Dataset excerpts

┄┄┄┄┄┄┄┄┄┄

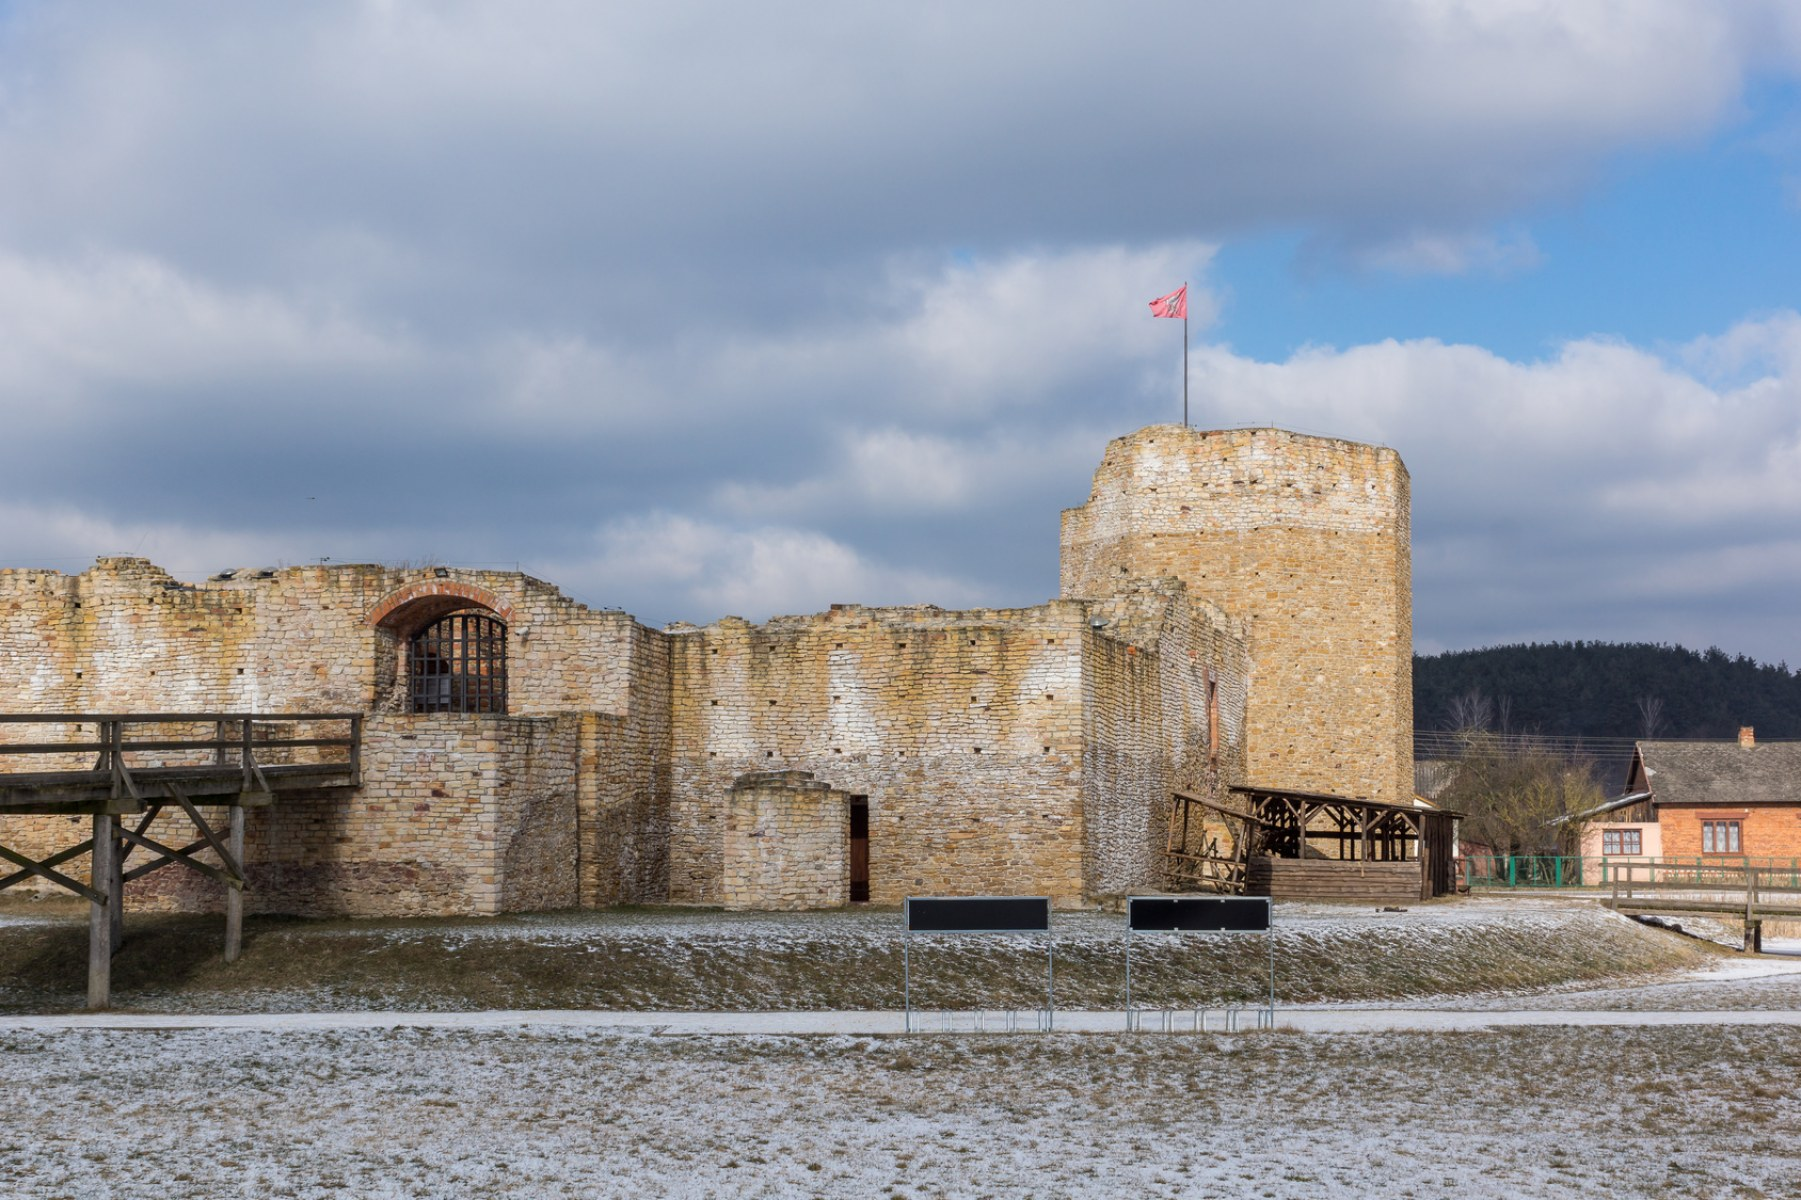 Старинные польские замки бесплатно: 8 лучших предложений
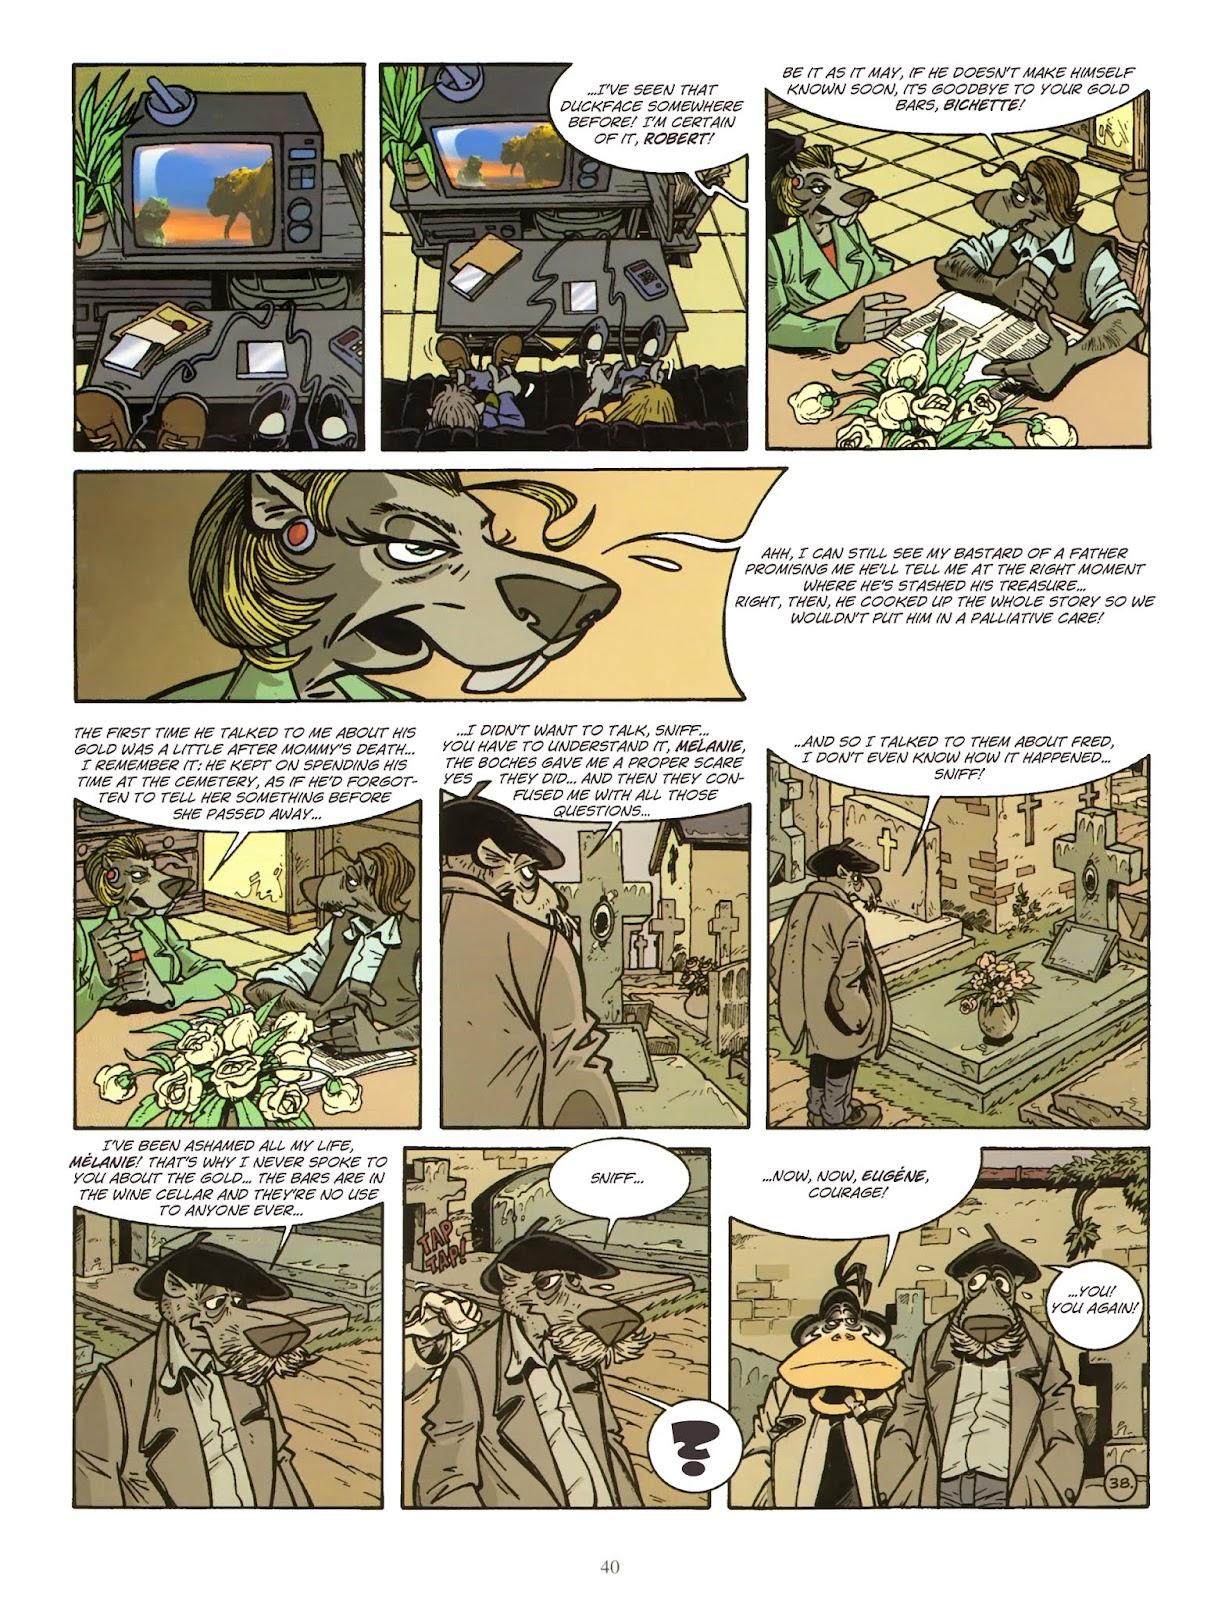 Une enquête de l'inspecteur Canardo issue 11 - Page 41
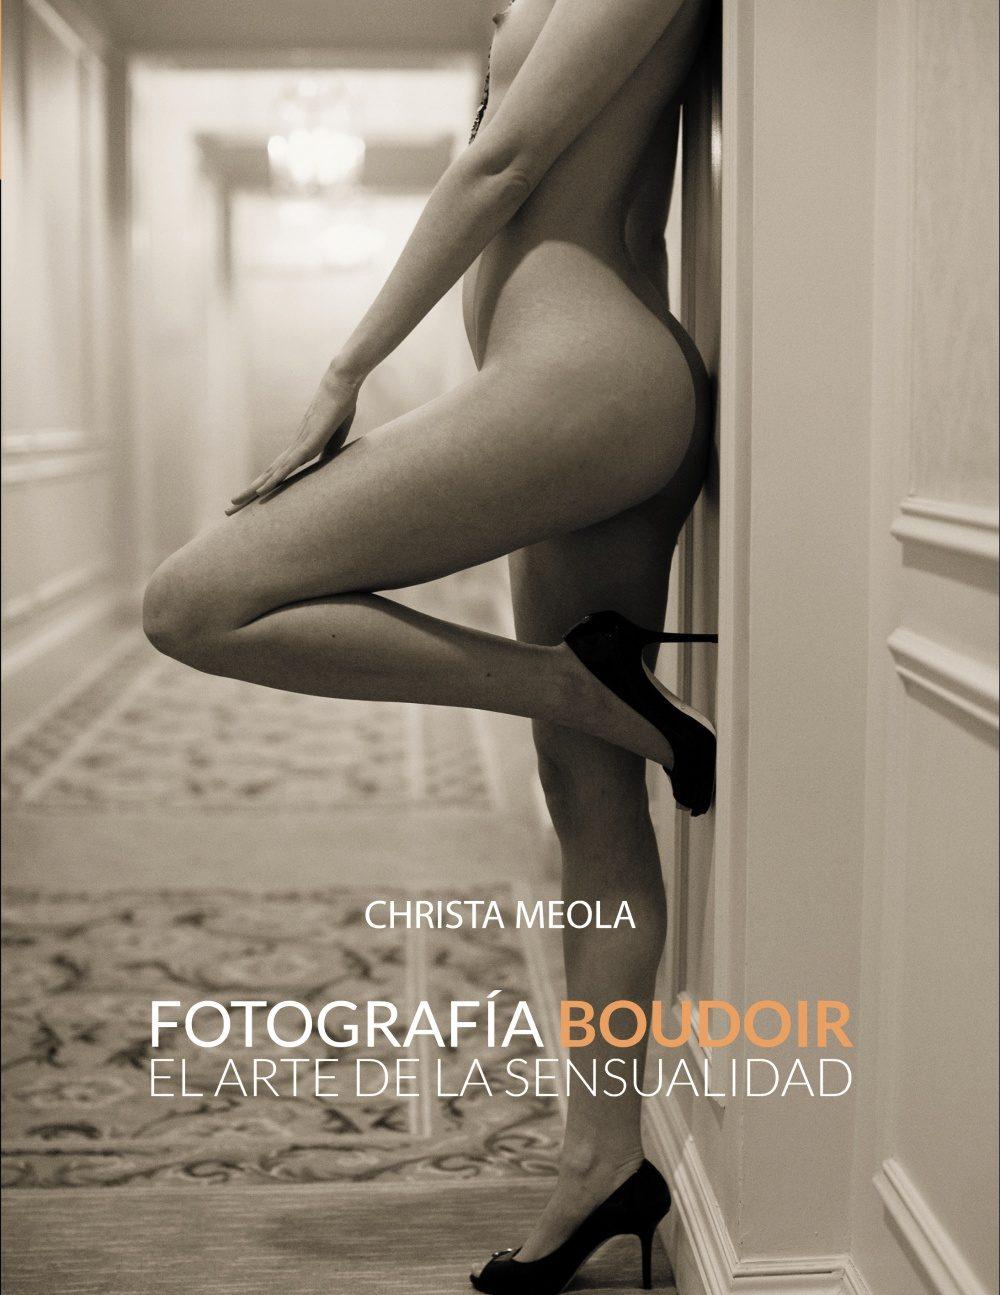 fotografia boudoir: el arte de la sensualidad-christa meola-9788441533592
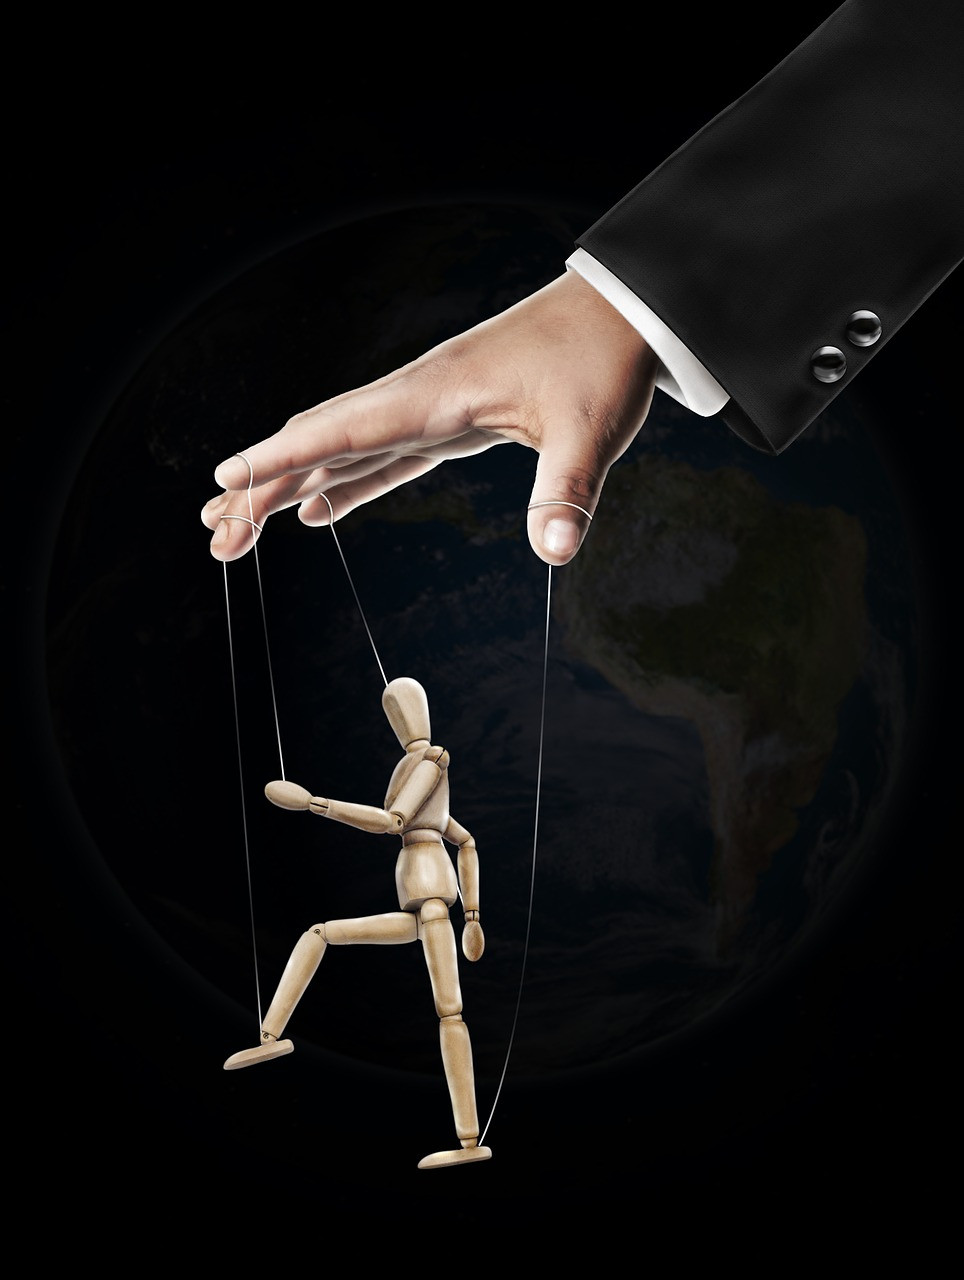 masculinidad como un sistema de control hacia los hombres. marionetas del sistema.
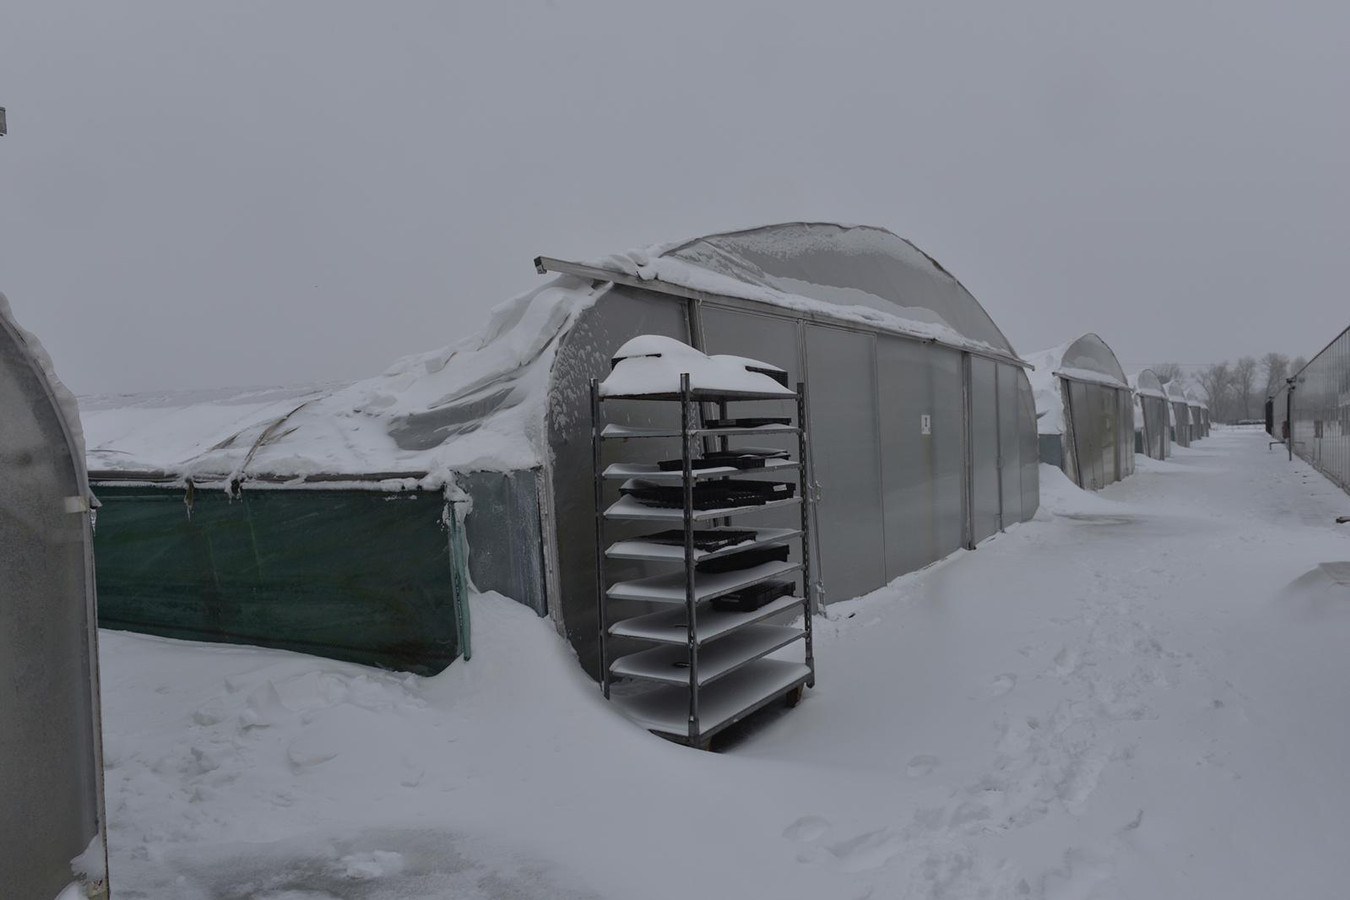 De tunnels van de Ergon kwekerij op Bokt zijn ingestort onder het dikke pak sneeuw.

┄┄┄┄┄┄┄┄┄┄

→ **Work to be completed**: From the line containing "fotografia boudoir: el" to the final line of the entries, both included, transcribe every line exactly, omit the pictures, and add nothing more.

→ **Output for this task**:
 fotografia boudoir: el arte de la sensualidad-christa meola-9788441533592
 masculinidad como un sistema de control hacia los hombres. marionetas del sistema.
 De tunnels van de Ergon kwekerij op Bokt zijn ingestort onder het dikke pak sneeuw.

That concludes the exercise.